As for “legacy systems” they don’t need to dictate the future, but they can’t just be “ripped and replaced.” In inpatient settings, there can be over a hundred such systems, with thousands of users, connected through interfaces. Creating and maintaining interoperability among them is difficult but necessary in order to share patient data. Managing change in a controlled way by replacing it a piece at a time allows addition of new technologies including Health 2.0’s, but connecting to those legacy (said another way, “live and operational”) systems will continue to be necessary, or else we’ll just introduce new silos of information.
As I said, I hope that the new technologies you espouse will succeed, but in a collaborative way.
Regards,
David Tao
Siemens Healthcare
Great post!
@MD Hell – are you kidding? This is the most significant moment in public health since the installation of water works in London.
http://www.theghostmap.com/
Except this time the plumbing is potentially a new health protocol (NHIN or Health Internet – what’s the difference if any?) and the clean water is HL7 infobutton messages.
“Clinical Groupware” appears to be on the Provider side of the health house. On the Payer and Population Management side, the “Virtual Medical Home” is what we’ve been calling software that connects care management clinicians and members, and member providers.
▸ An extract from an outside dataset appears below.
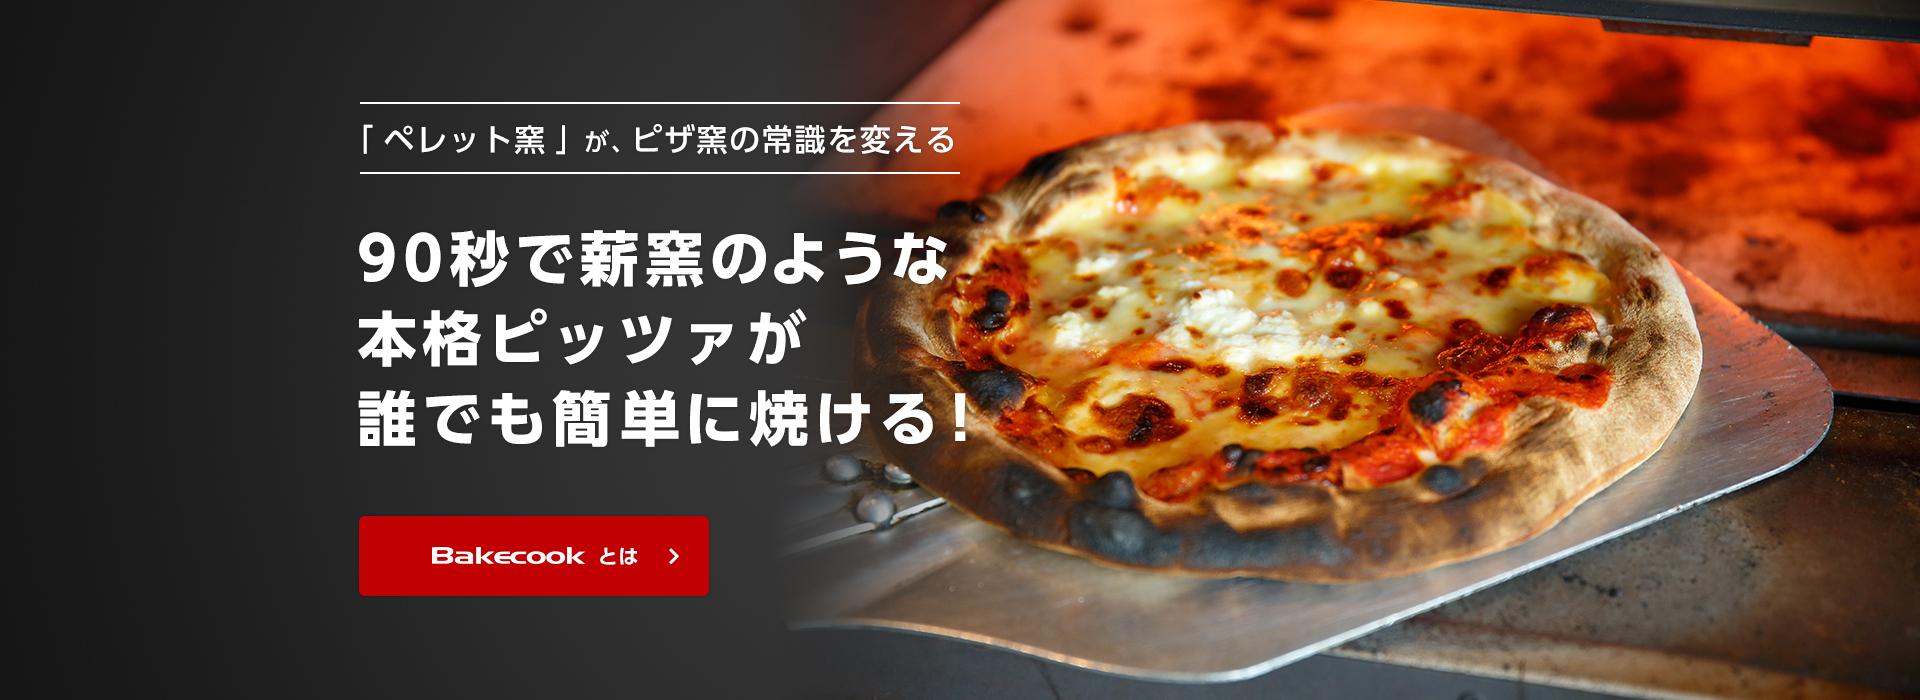 90秒で薪窯のような本格ピッツァが誰でも簡単に焼ける! -ペレットピザ窯のベイクック -

Like the WebMD private portal solution.
As a privat consultant to doctors, I find EHR to be a very invasive product that seldom leads to better operation or more profitable. I think a better solution is one I have found recently which is a product that appears like a chart in electronic form and allows the doctors and office to continue operation in a much more streamlined operation with higher quality and lower costs, but without the disruption of other EHR systems. The product name is appropriate as it is called SimplifyMD. To me this makes much more sense and should allow the practice to meet the standards for meaningful use.
Thanks for article. Hope the better health care.
Thanks for a refreshing positive note in a mostly depressing year for health care reform.
Note to MD as HELL: You’re probably using one of the very legacy systems that this post decries. Give your administration HELL and help change it!
There will be change in the health care industry. We just have to be patient and let the change occur. Nothing happens overnight. I believe that these advancements in technology will work wonders for health IT, and overall the Health care industry will benefit greatly.
It’s about time. D. Kellus Pruitt DDS
@MD as Hell: it’s slow waiting for meaningful use
I am in strong agreement!
As a advocate of Patient-Centered Collaborative Care, these developments are the most promising I have seen in more than 2 decades. Transformation to PCPCC is simply not possible without these shifts. Much more needs to take place, but these are definitely steps in the right direction.
Must be filler in a slow week.
Agreed. Change is coming to the health care industry, not so much because of government incentives (although that has played a role is shaking things up) but because the marketplace is finally poised to drive the disruption. All of the big players in tech are looking for the next big market to attack and health care is the obvious choice.